Referrals of lawyers for unprofessional conduct are relatively rare. J. Nicholas Strasser, Chairman of the Hudson County Bar Association’s Professionalism Committee, said that three or four attorneys have been referred to the committee in the last three years. Strasser said, “It’s not something that doesn’t exist, but in my experience, it’s a very small minority as opposed to a majority.”
County Judge Arrested for Cattle Rustling
Yes, this story arose in a year beginning with 20, believe it or not.
The only judge in the county with the smallest population in the United States has been arrested on
charges of cattle rustling.
Skeet Jones, a 71-year-old of Mentone, Texas, has been arrested on three counts of theft of livestock worth less than $150,000 and one count of organized criminal activity arising from a year-long investigation by the Texas and Southwestern Cattle Raisers Association into the theft of cattle.
Jones, in addition to his extracurricular activities, is the judge and most prominent elected official of
Loving County, Texas, which, though three-fifths the size of Rhode Island, is the nation’s
least populated county with just 57 residents. Jones has been the county judge of Loving County since 2007 and earns an annual salary of $133,294. His father was the sheriff for 28 years, his mother was the county appraiser, his sister is the county clerk, his cousin’s husband is the county attorney, and his nephew is the constable.
According to law enforcement officers, Jones and his accomplices rounded up stray cattle and sold them without obeying procedures mandated by the state agriculture code.

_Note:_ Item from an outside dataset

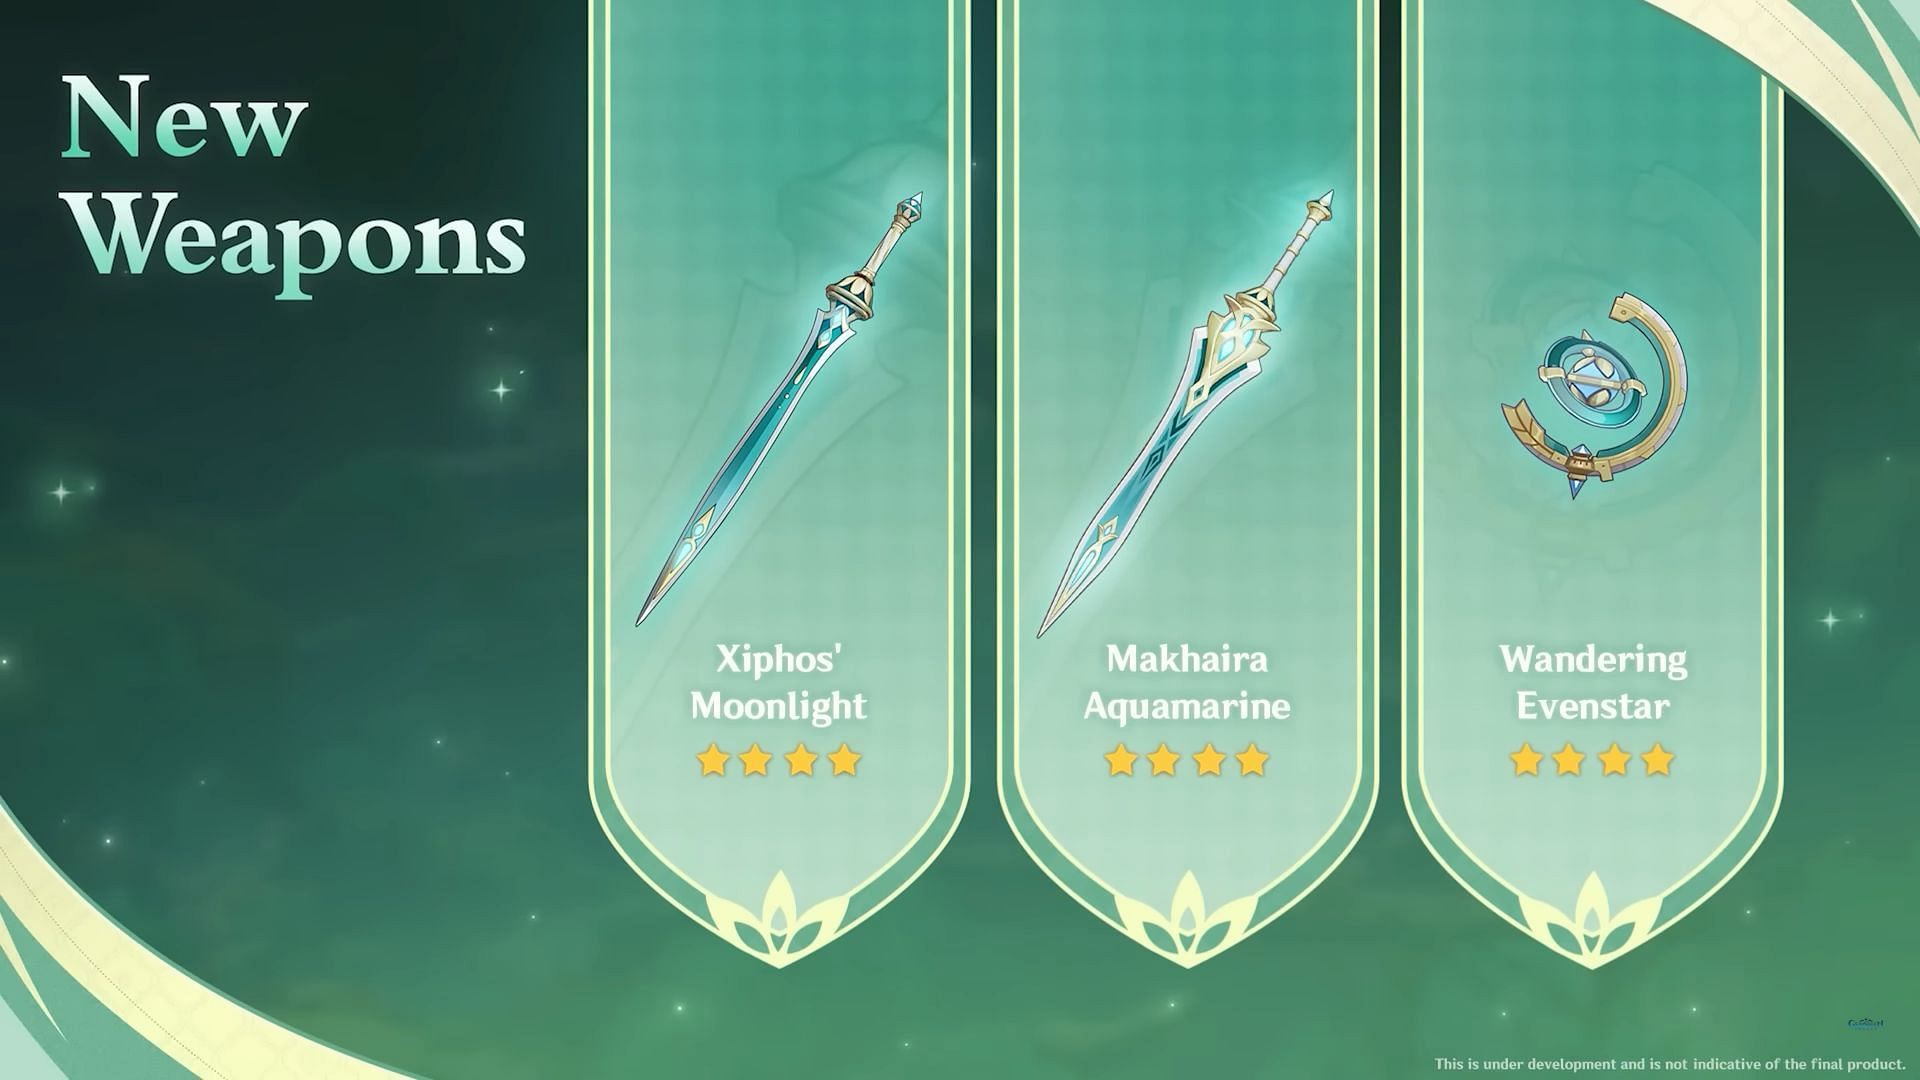 New 4-star weapons are coming to 3.1 banners (Image via Genshin Impact)

“He’s had free reign for the entire time since he’s been the judge,” said Constable Brandon Jones, the aforementioned nephew. “That’s given him a sense of power and impunity that he can do whatever he wants whenever he wants. Even the feeling of self-righteousness. That he can do no wrong.”
Susan Hays, a lawyer who has wrangled with Jones and his family in the past, commented, “You can’t make this [stuff] up. It’s a pain in the [rear] to round up cattle and take them to market. And then to risk real trouble for it? It’s just asinine to me.”